Because you run one System at a time, and each System needs all the components with the same component_id – but none of the components without that id.


The entire data for any given system is fully isolated into its own table. It’s easy to print to screen (for debugging), serialize (for saving / bug reports), parallelize (different components on different physical DB servers)

Metadata for editing your Assemblages and Entities

a.k.a. “Programmer/Designers: take note…”

It can be tempting to add extra columns to the Entity and Assemblage tables. Really, you shouldn’t be doing this. If you feel tempted to do that, add the extra data as more COMPONENTS – even if the data is NOTHING to do with your game (e.g. “name_of_designer_who_wrote_this_assemblage”).
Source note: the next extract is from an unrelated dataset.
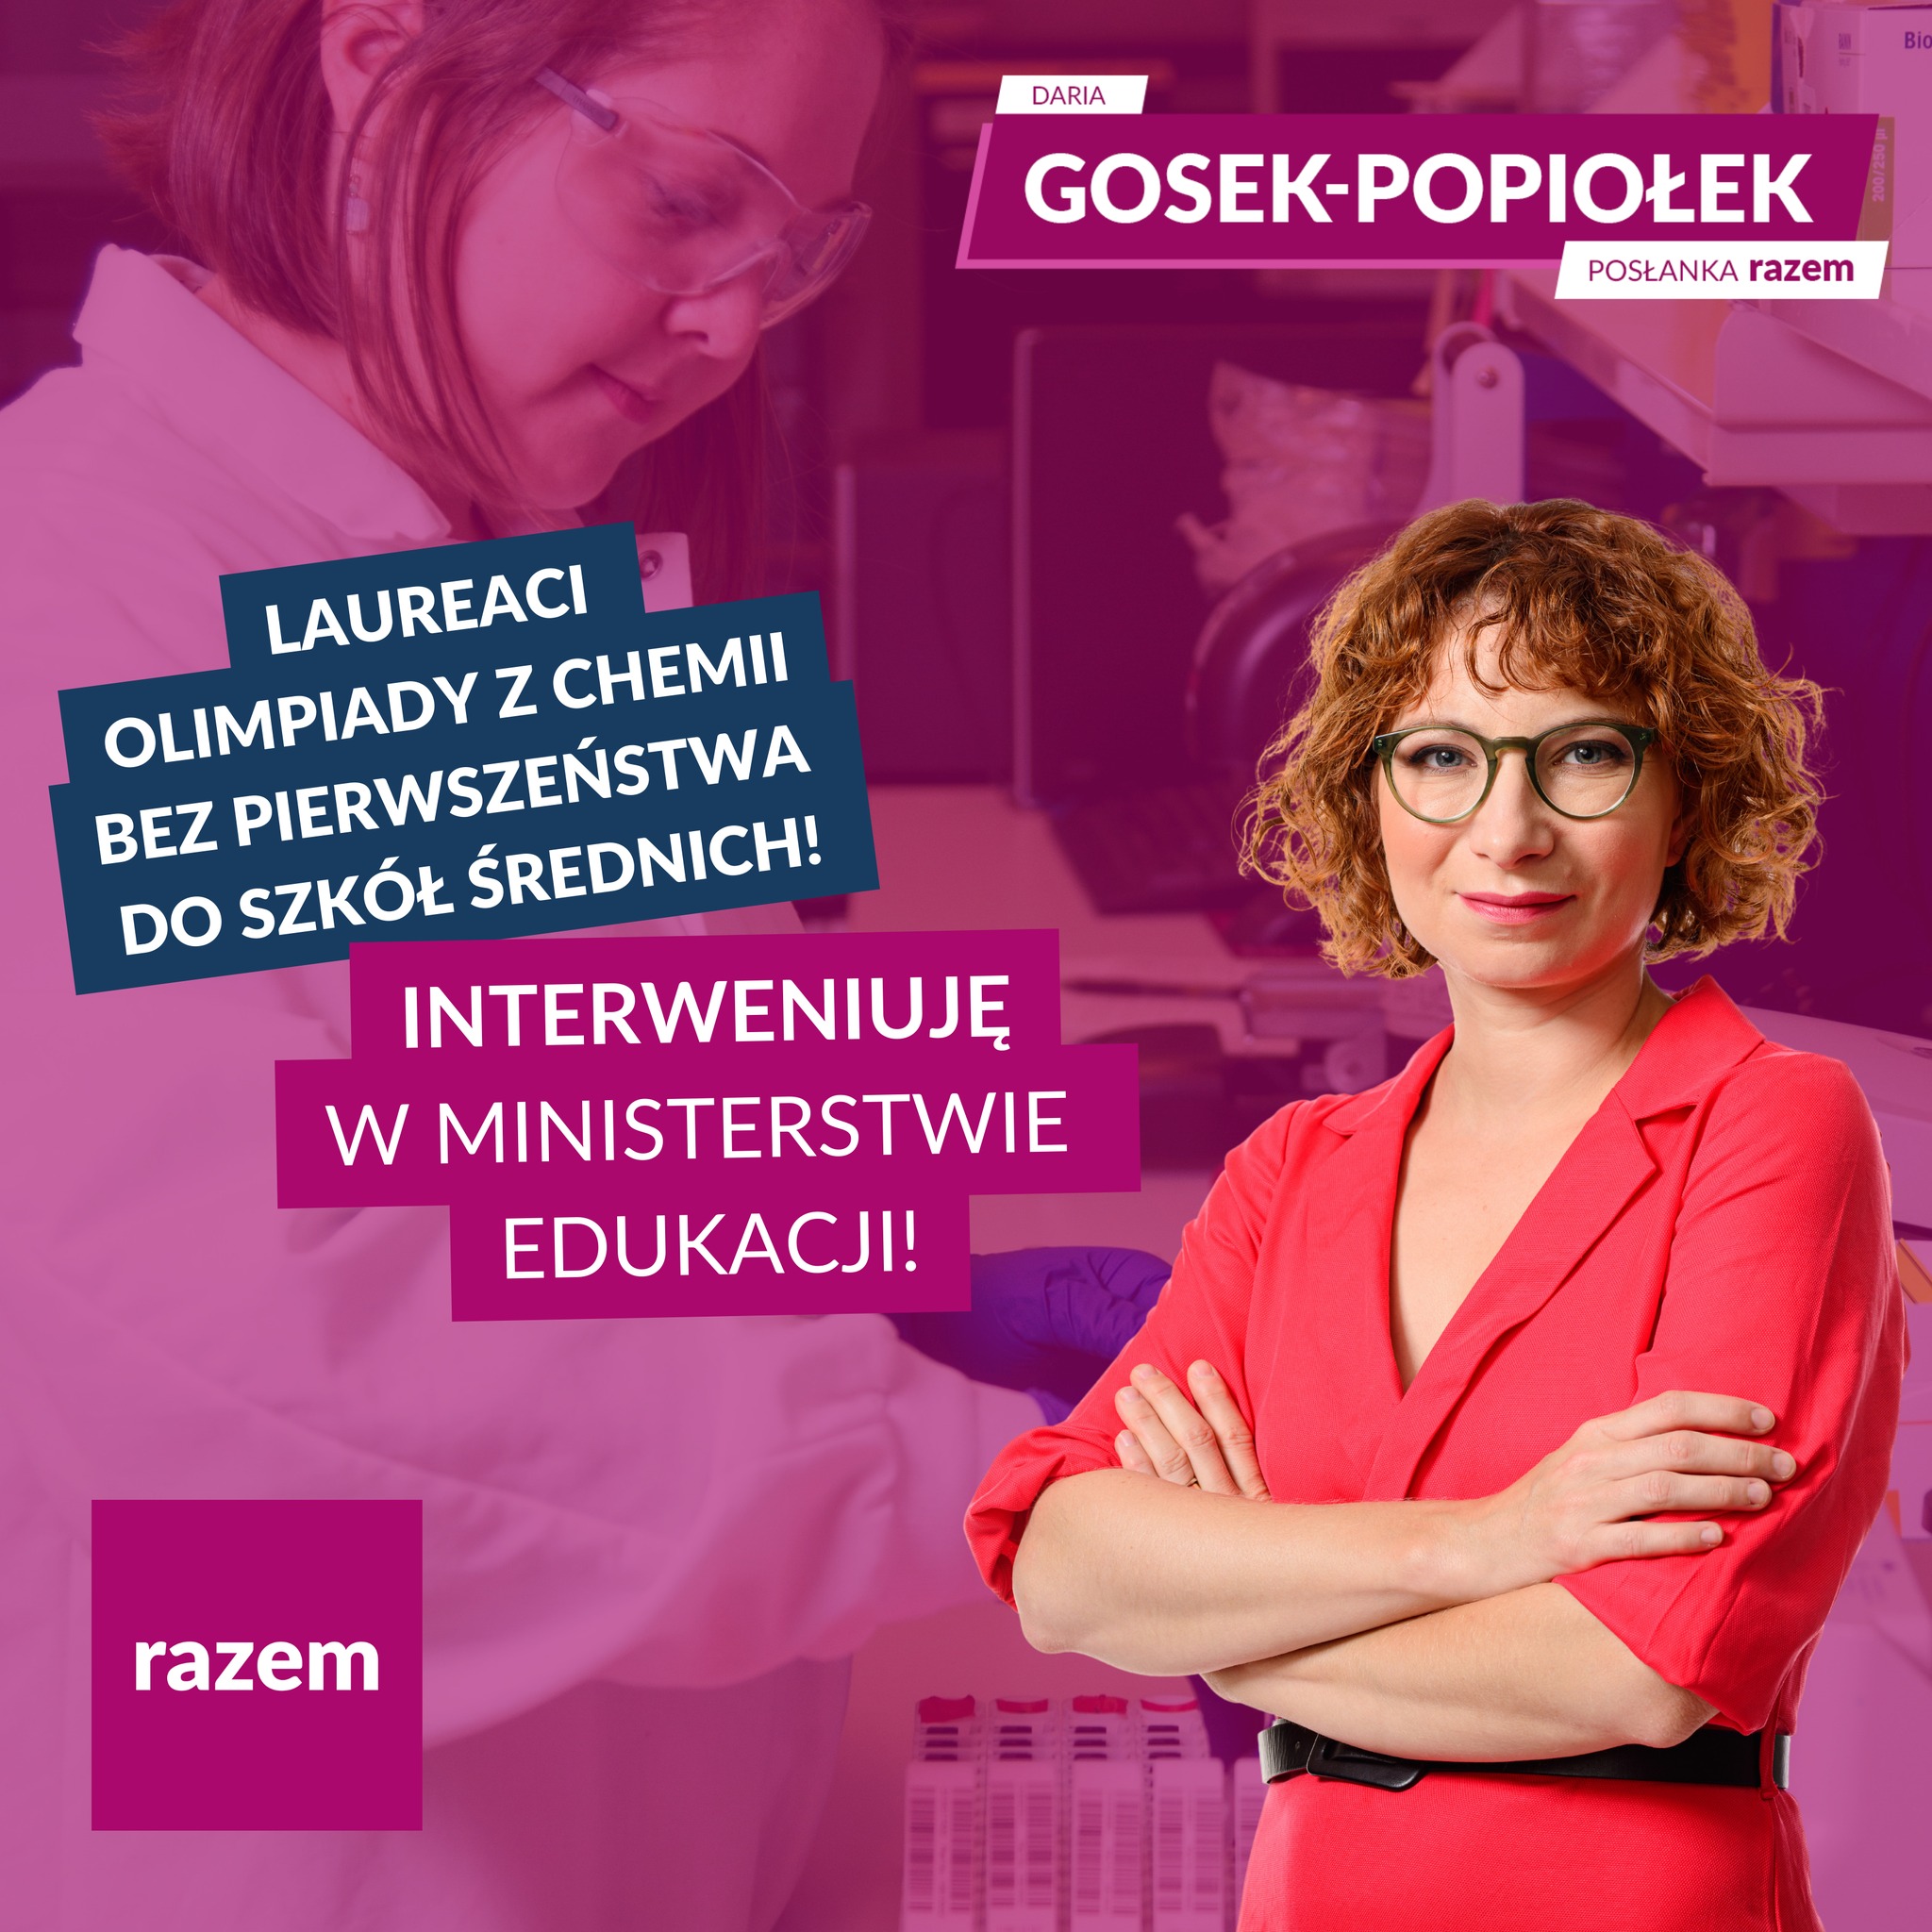 Daria Gosek-Popiołek interweniuje ws. laureatów olimpiady z chemii

Here’s a great feature of Entity Systems: it is (literally) trivial for the game to “remove” un-needed information at startup. If, for instance, you have vast amounts of metadata on each entity (e.g. “name of author”, “time of creation”, “what I had for lunch on the day when I wrote this entity”) – then it can all be included and AUTOMATICALLY be stripped-out at runtime. It can even be included in the application, but “not loaded” at startup – so you get the benefits of keeping all the debug data hanging around, with no performance overhead.

You can’t do that with OOP: you can get some *similar* benefits by doing C-Header-File Voodoo, and writing lots of proprietary code … but … so much is dependent upon your header files that unless you really know what you’re doing you probably shouldn’t go there.

Another great example is Subversion / Git / CVS / etc metadata: you can attach to each Entity the full Subversion metadata for that Entity, by creating a “SubversionInformation” System / Component. Then at runtime, if something crashes, load up the SubversionInformation system, and include it in the crash log. Of course, the Components for the SubversionInformation system aren’t actually loader yet – because the system wasn’t used inside the main game. No problem – now you’ve started the system (in your crash-handler code), it’ll pull in its own data from disk, attach it to whatever entities are in-memory, and all works beautifully.

Wrapping up…

I wanted to cover other things – like transmitting all this stuff over the network (and maybe cover how to do so both fast and efficiently) – but I realise now that this post is going to be long enough as it is.

Next time, I hope to talk about that (binary serialization / loading), and editors (how do you make it easy to edit / design your own game?).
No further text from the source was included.